I love my mum. Without my mum, I'd be dead, I reckon. I love watching movies with her and I love talking to her about music and books and life and Jonathan Rhys-Meyers. (She loves Johnny.) She recognizes Alex, Damon, Graham, and even Dave, though, she just calls him the ginge. I can thank my mother for introducing me to David Byrne/Talking Heads, Brian Eno, Alpha Blondy, Bryan Ferry/Roxy Music, the Cramps, the Commodores, David Bowie, Iggy Pop, Gary Numan, the Psychedelic Furs, Barry White, Steel Pulse, Third World, Pink Floyd, Duran Duran, the Sisters of Mercy, Talk Talk, the Cult, Cameo (I don't want to hear it), Seal, the Jackson 5/Michael Jackson, Marvin Gaye, Grandmaster Flash and the Furious Five, Ofra Haza, Lou Reed, the Smiths, George Michael, Klezmer Conservatory Band, Miki Thodorakis, Johnny Cash, Elvis Presley, De La Soul, Busta Rhymes, Snoop-fuckin'-Dogg and some other artists I can't seem to remember. But who cares. Now, some of these artists might not mean anything to you; but these people/bands have helped me shape my own, what I like to call, faux-unique taste in music. Thanks, mum. I love you for that. And I know you're not young anymore and that you're not stuck in that cool, 80's New York punk/new wave scene anymore. You're in the Netherlands now, and it's okay if you listen to Celine Dion every now and then. I'm happy you appreciate Blur, Manics, Goldfrapp and Graham. Though, I'd love to see you in your old leather jacket, with big, curly hair, lots of mascara, rouge and big black boots. (Nowadays, just so you guys know, my mum's wardrobe consists of overalls, t-shirts and bedroom slippers.)
I'm feeling very sentimental right now. I reckon I should end this quick, before I start whining about my problems again. And here I am, thinking I'd have been better off in a pub, drinking excessive amounts of alcohol and talking to strangers about being drunk and vomiting on people. But I guess staying at home is good too, every now and then. I don't need to hide from myself anymore. And I don't want you guys to think I'm sad or troubled. I'm pretty happy now. I feel weird, yeah, all the time, but I guess that's just my hormones. (Or my medication, I don't know, what am I, a doctor?)

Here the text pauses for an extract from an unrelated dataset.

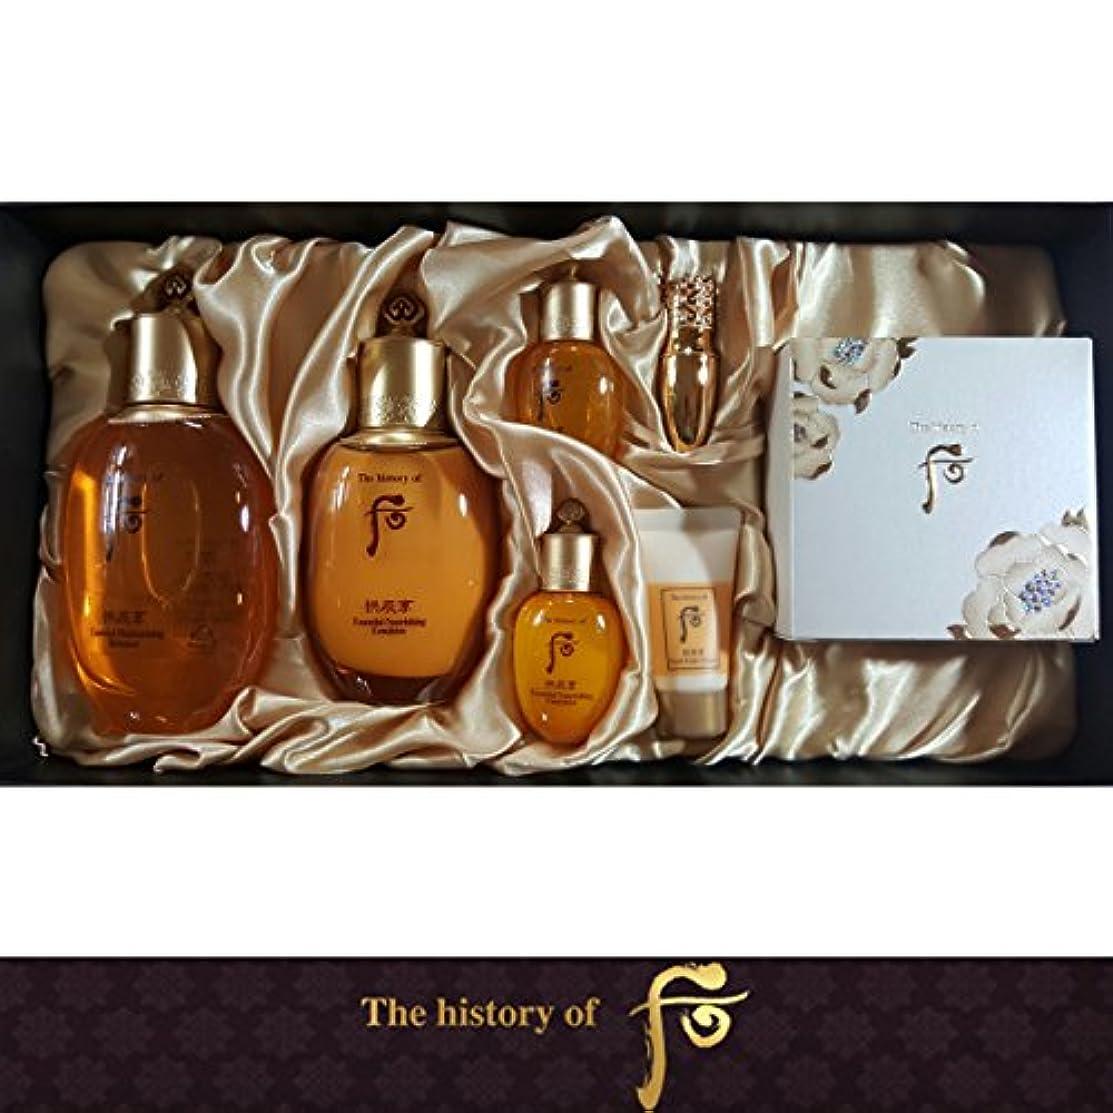 スロープ定刻穏やかな[The History Of Whoo] Whoo 后(フー) Gongjinhyang Royal Court Inyang 3EA ゴンジンヒャン Special Set/宮廷セット 引き揚げ 3種 のスペシャル...

I love my friends, I love my family, I love some of you and I don't love some you of you, for obvious reasons, but that doesn't mean I hate or dislike you, it's just that I don't love you. Yet. I try to love. I'm going to start a cult, its main ideal being love. But I'm just being idealistic here. I'll shut up. Good day/night, konbanwa, bonsoir, etc. I'm too tired. I should get some sleep and quit listening to that same Fats Waller song over and over again; mum must think I've lost it.
Oh, and just in case you wanted to know, it's 1:46AM right now.